Look at the quadratic equation shown below.
\large -12x=3x^2+9
What are the solutions of the equation?
Responses
x = -3, x = -1
x = -3, x = -1
x = 3, x = -1
x = 3, x = -1
x = -3, x = 1
x = -3, x = 1
x = 3, x = 1
x = 3, x = 1
None of the provided responses are correct. The correct solutions are x = -3 and x = 0. Plugging these values back into the equation should result in both sides being equal to -9.
Well, well, well, looks like we've got ourselves a quadratic equation! Let's see what we're dealing with here. Now, to find the solutions, we have to do a little bit of math. In this case, the solutions are x = -3 and x = -1. So, the answer would be x = -3, x = -1. Easy peasy, lemon squeezy!

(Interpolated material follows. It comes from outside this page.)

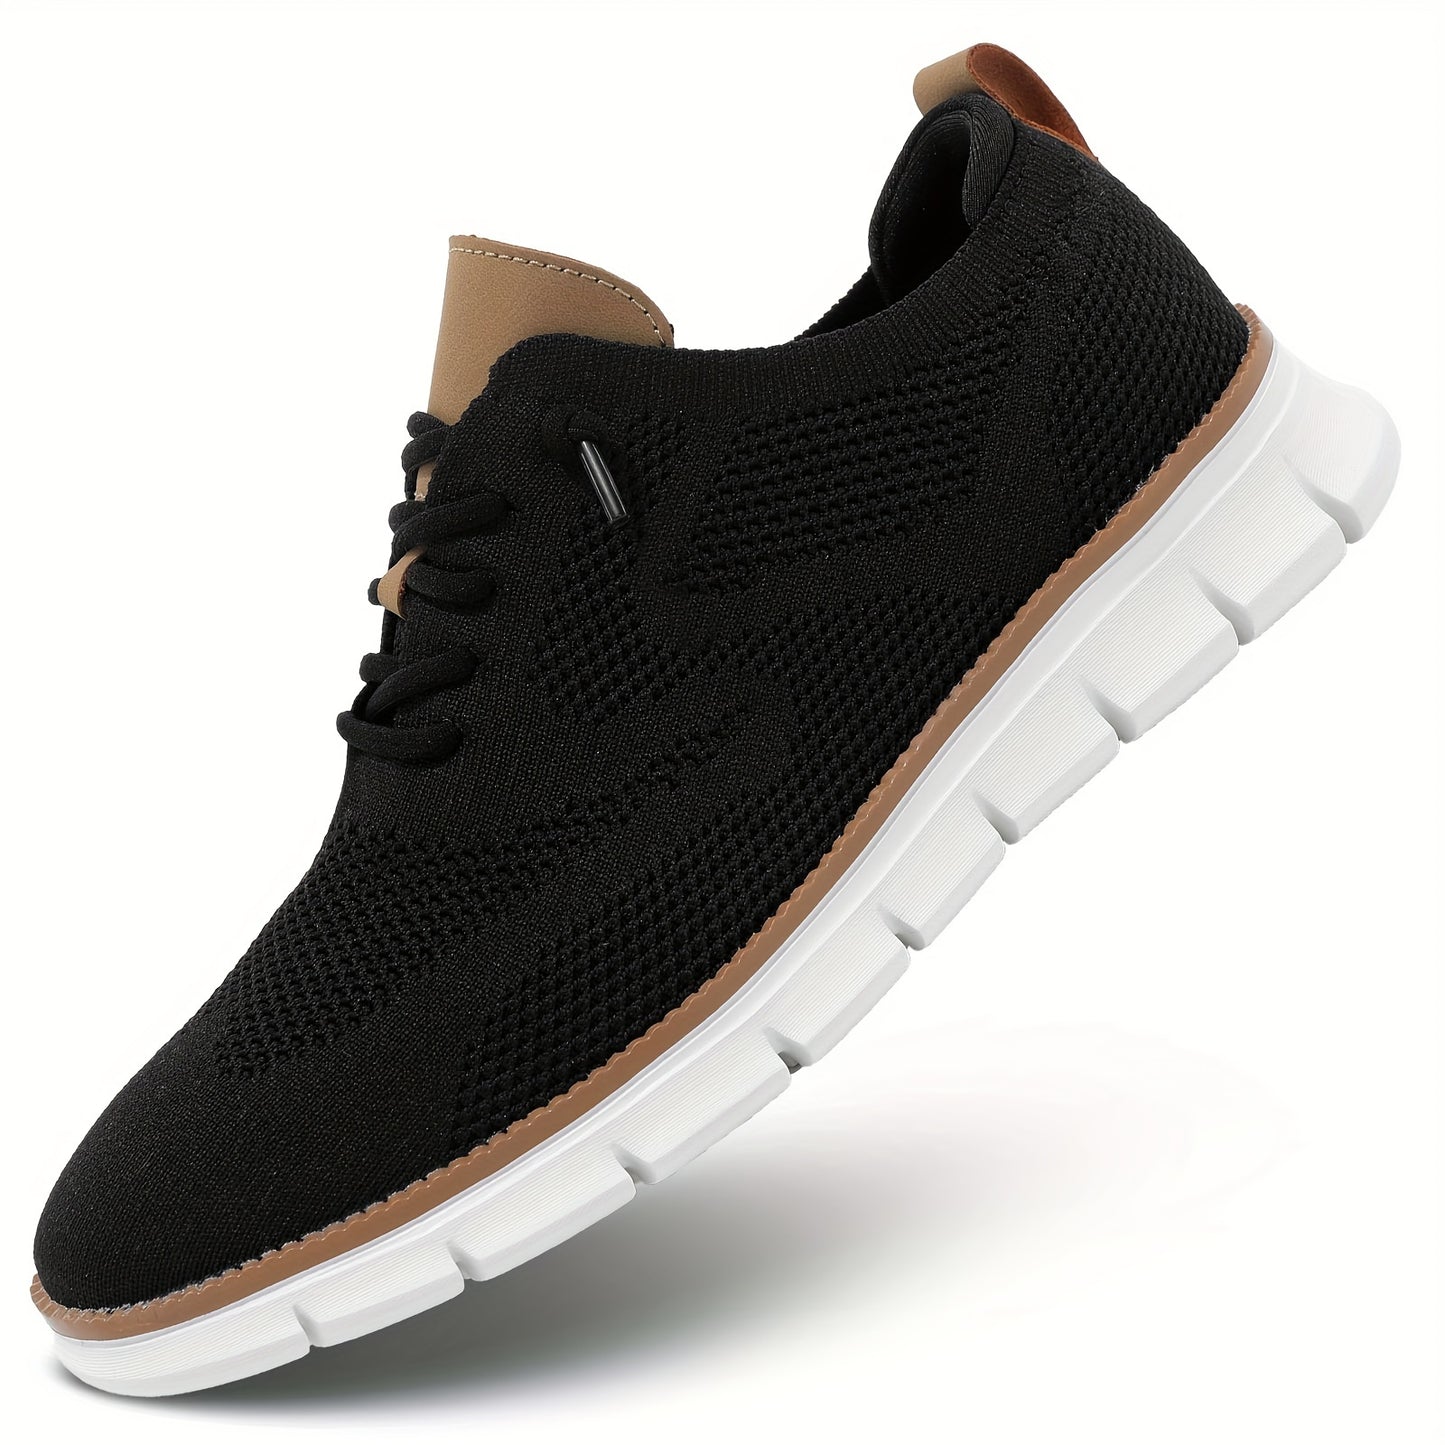 Men's Lace-up Sneakers - Athletic Shoes - Lightweight And Breathable

To solve the quadratic equation -12x = 3x^2 + 9, we can rearrange it into standard form by moving all the terms to one side of the equation:
3x^2 + 12x + 9 = 0
Next, we can try factoring the equation. However, in this case, factoring is not possible. Therefore, we need to use the quadratic formula:
x = (-b ± √(b^2 - 4ac))/(2a)
In this equation, a = 3, b = 12, and c = 9. Plugging these values into the formula, we get:
x = (-12 ± √(12^2 - 4 * 3 * 9))/(2 * 3)
Simplifying further:
x = (-12 ± √(144 - 108))/(6)
x = (-12 ± √(36))/(6)
x = (-12 ± 6)/(6)
Now we can solve for x:
x = (-12 + 6)/(6) or x = (-12 - 6)/(6)
Simplifying further:
x = -6/6 or x = -18/6
x = -1 or x = -3
So the solutions of the equation are x = -1 and x = -3.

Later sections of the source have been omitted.